YOUR INSTRUCTIONS> When you repeat the listing below, keep every word exactly and leave out each picture.

SOURCE DATA>
===

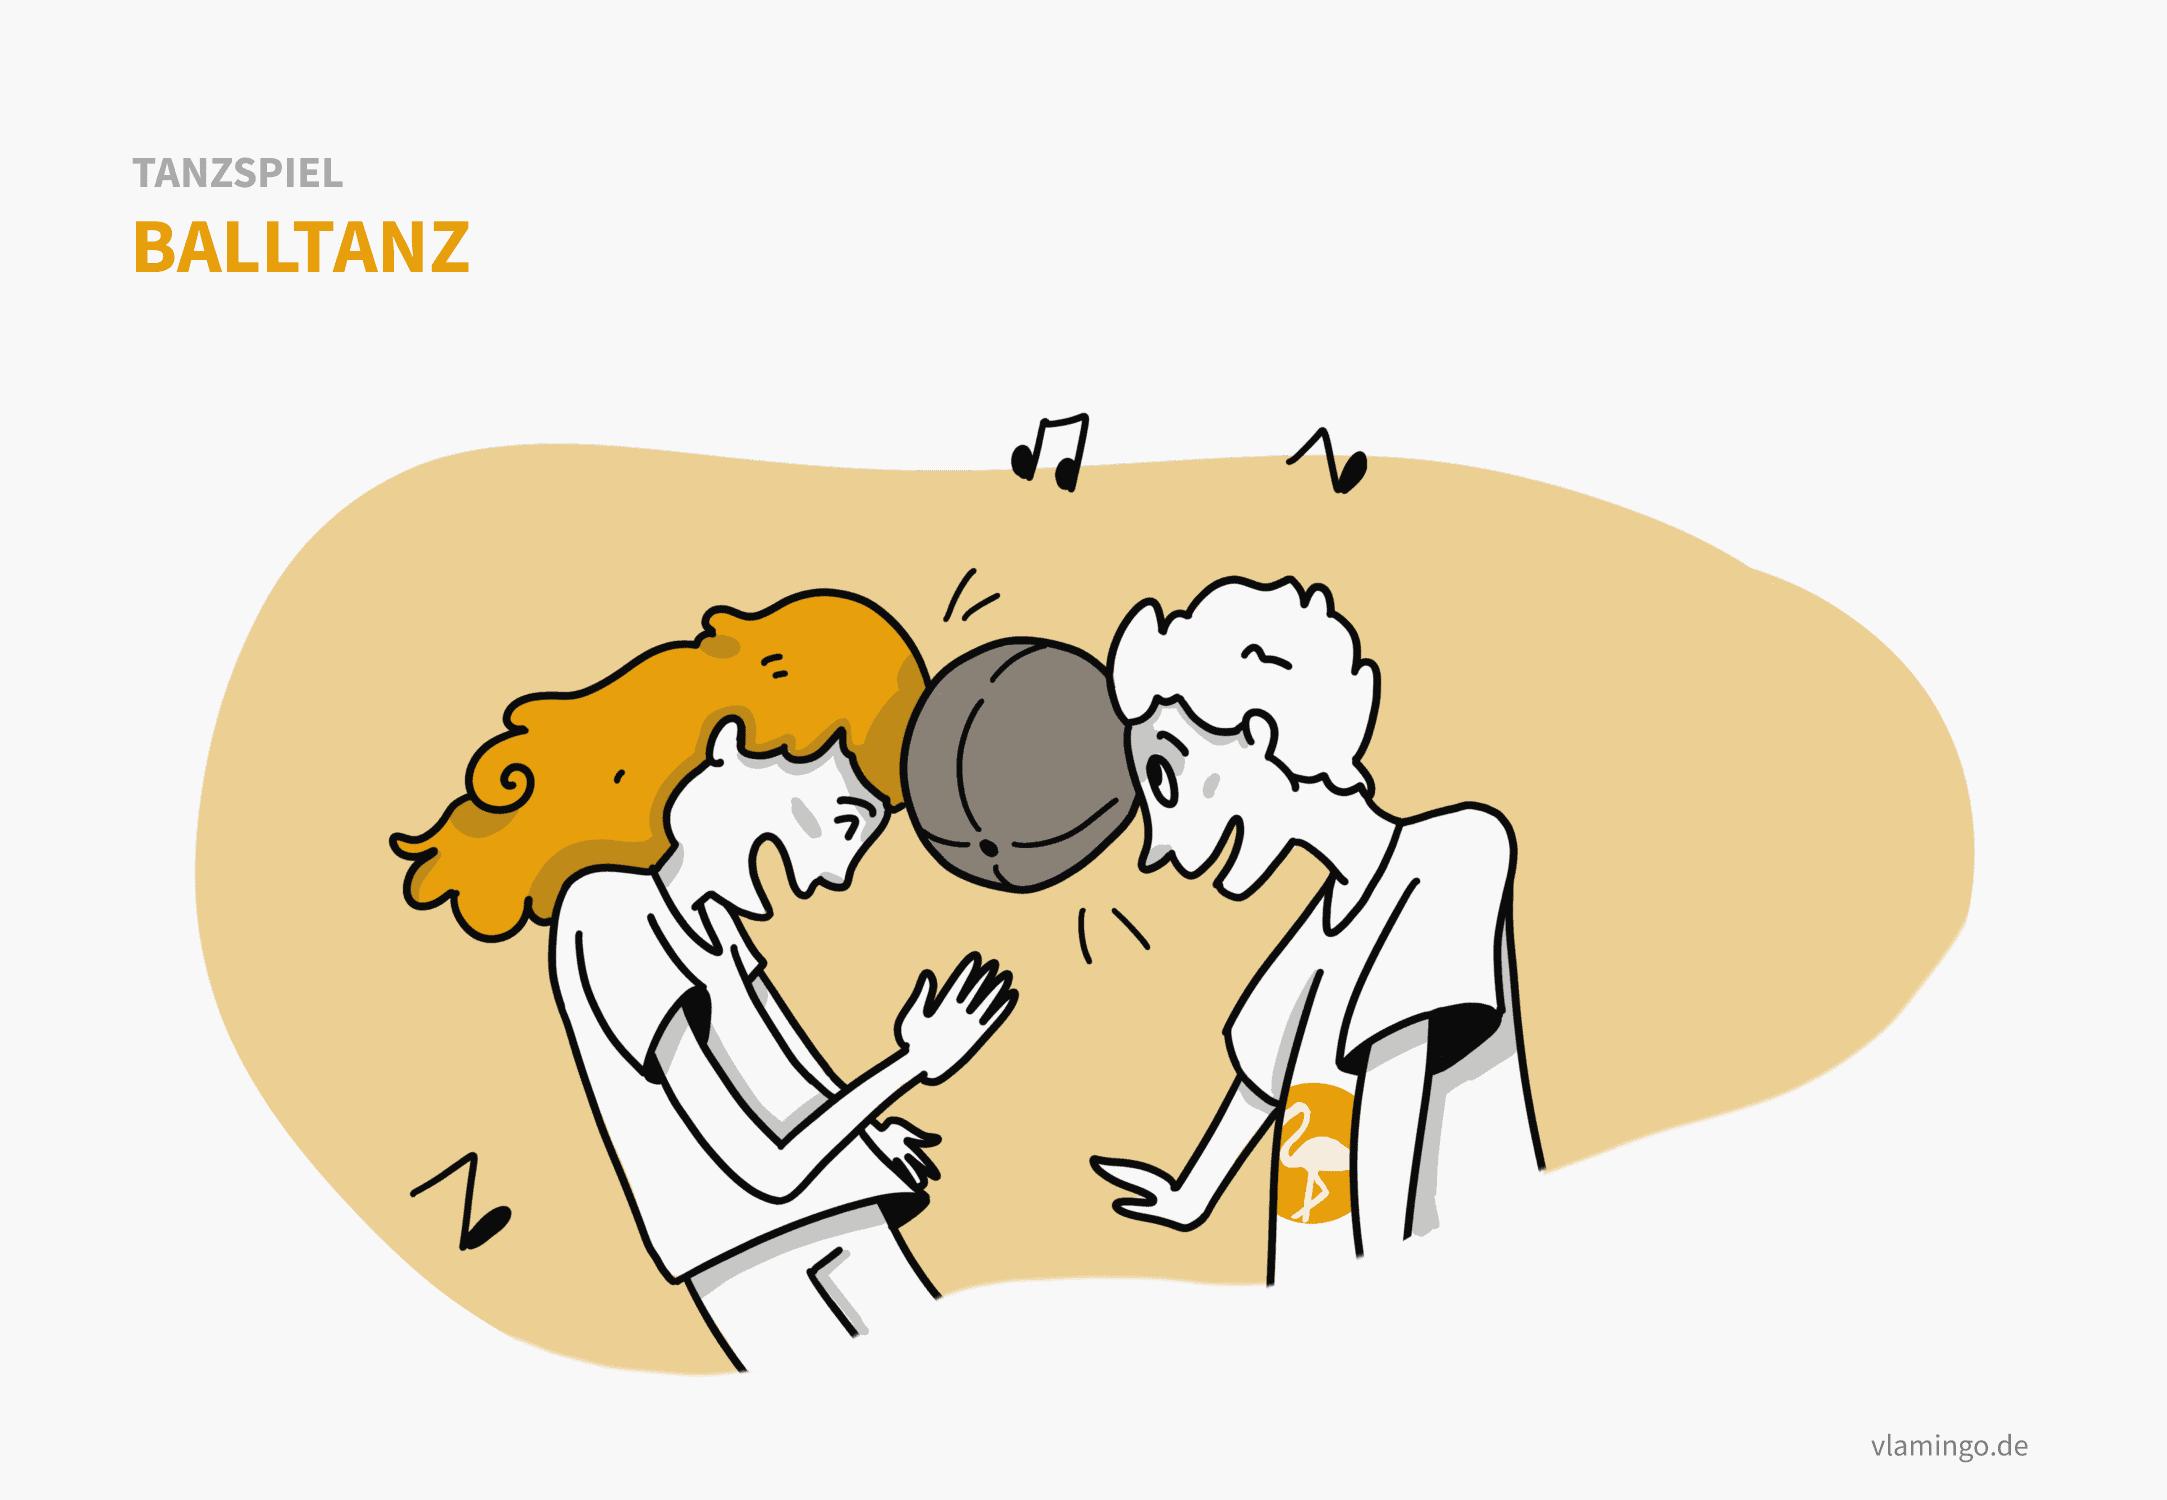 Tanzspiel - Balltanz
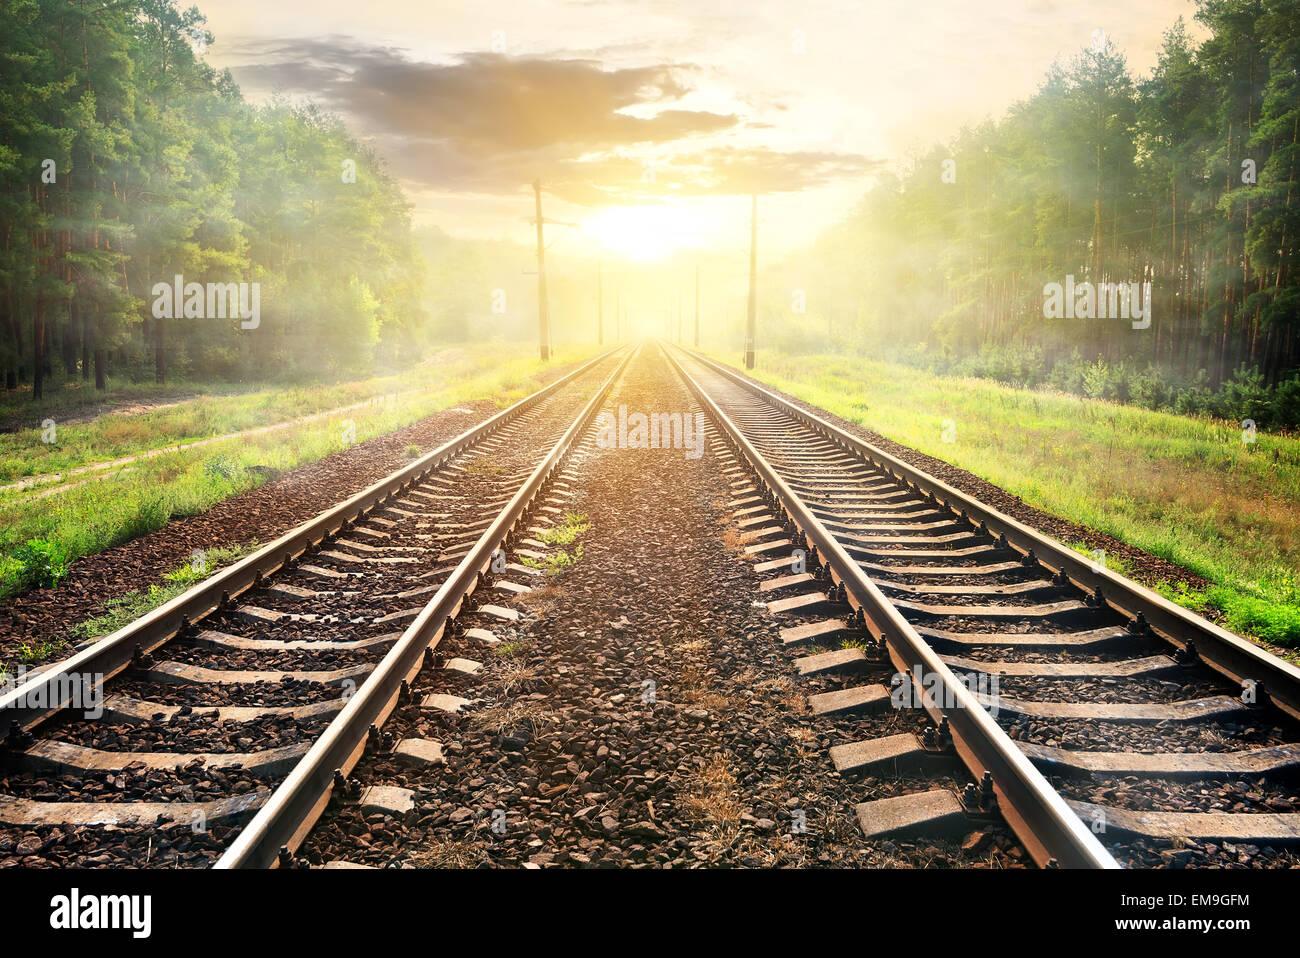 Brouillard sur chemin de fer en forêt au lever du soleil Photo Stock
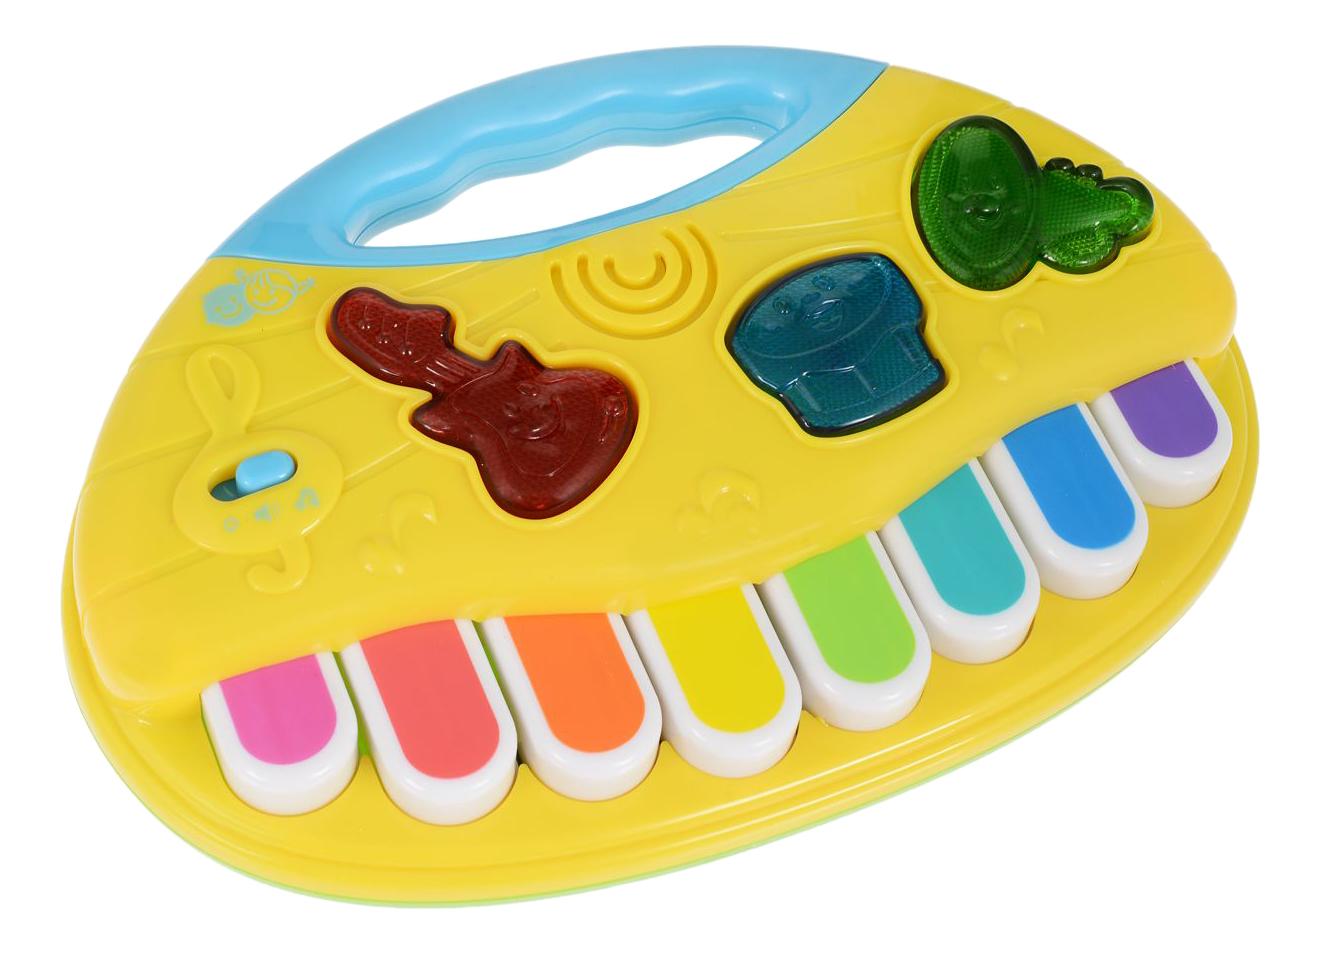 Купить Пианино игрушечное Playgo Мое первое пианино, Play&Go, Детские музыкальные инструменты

===

RESPONSE TO THIS TASK>
 Tanzspiel - Balltanz
 Brouillard sur chemin de fer en forêt au lever du soleil Photo Stock
 Купить Пианино игрушечное Playgo Мое первое пианино, Play&Go, Детские музыкальные инструменты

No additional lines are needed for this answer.